On December 4, 2015, the FDA issued an updated safety communication stating that the warning labels for SGLT2 inhibitors had been revised to address DKA and serious urinary tract infections. Both conditions can result in hospitalization, it warned. The FDA advised patients experiencing symptoms associated with these conditions to talk with their doctors immediately.

The FDA also stated in its communication that it had identified “19 cases of life-threatening blood infections (urosepsis) and kidney infections (pyelonephritis) that started as urinary tract infections with the SGLT2 inhibitors” from March 2013 through October 2014. All 19 patients had to go to the hospital, and a few required admission to the intensive care unit or had to undergo dialysis to treat kidney failure.

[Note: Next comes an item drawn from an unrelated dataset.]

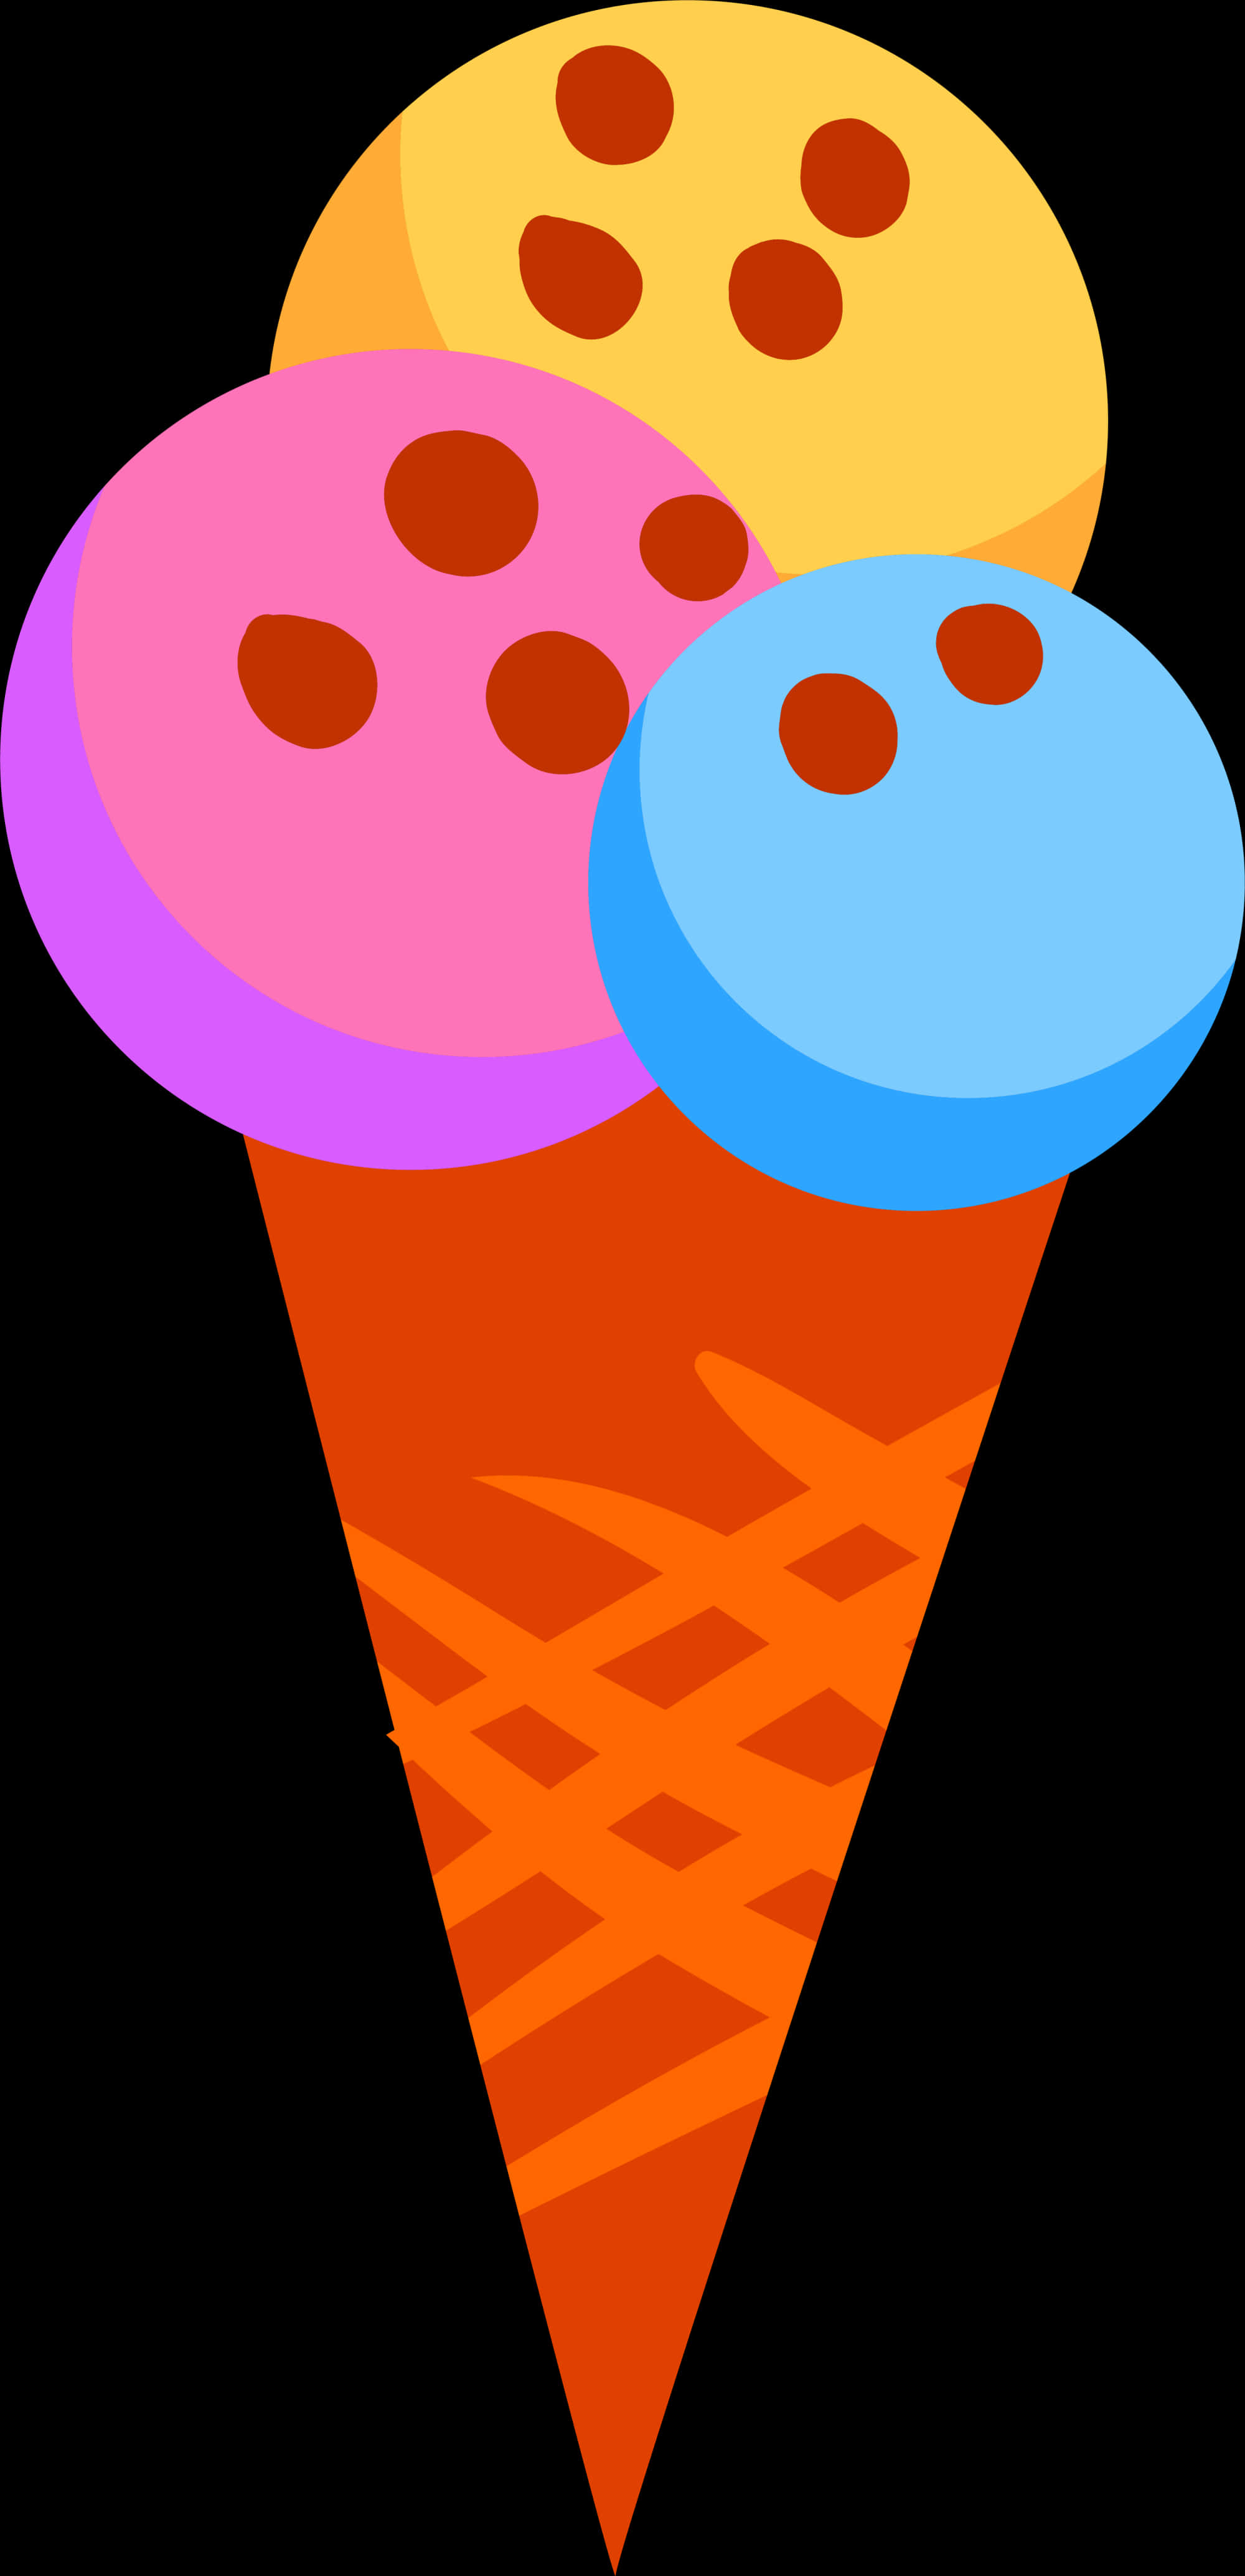 A Colorful Ice Cream Cone With Balls

Because of these reports, the FDA has also added new Warnings and Precautions to the labels of all SGLT2 inhibitors to warn doctors and patients about the risks of blood infections and kidney infections that could lead to kidney failure. It has also required manufacturers of these drugs to conduct a postmarketing study to examine these and other safety issues.

The plaintiff brings counts of design defect, failure to warn, gross negligence, negligence, breach of warranties, fraudulent misrepresentation, negligent misrepresentation, negligent design, fraudulent concealment, fraud, and violation of the Tennessee Consumer Protection Act. He seeks compensatory and punitive damages.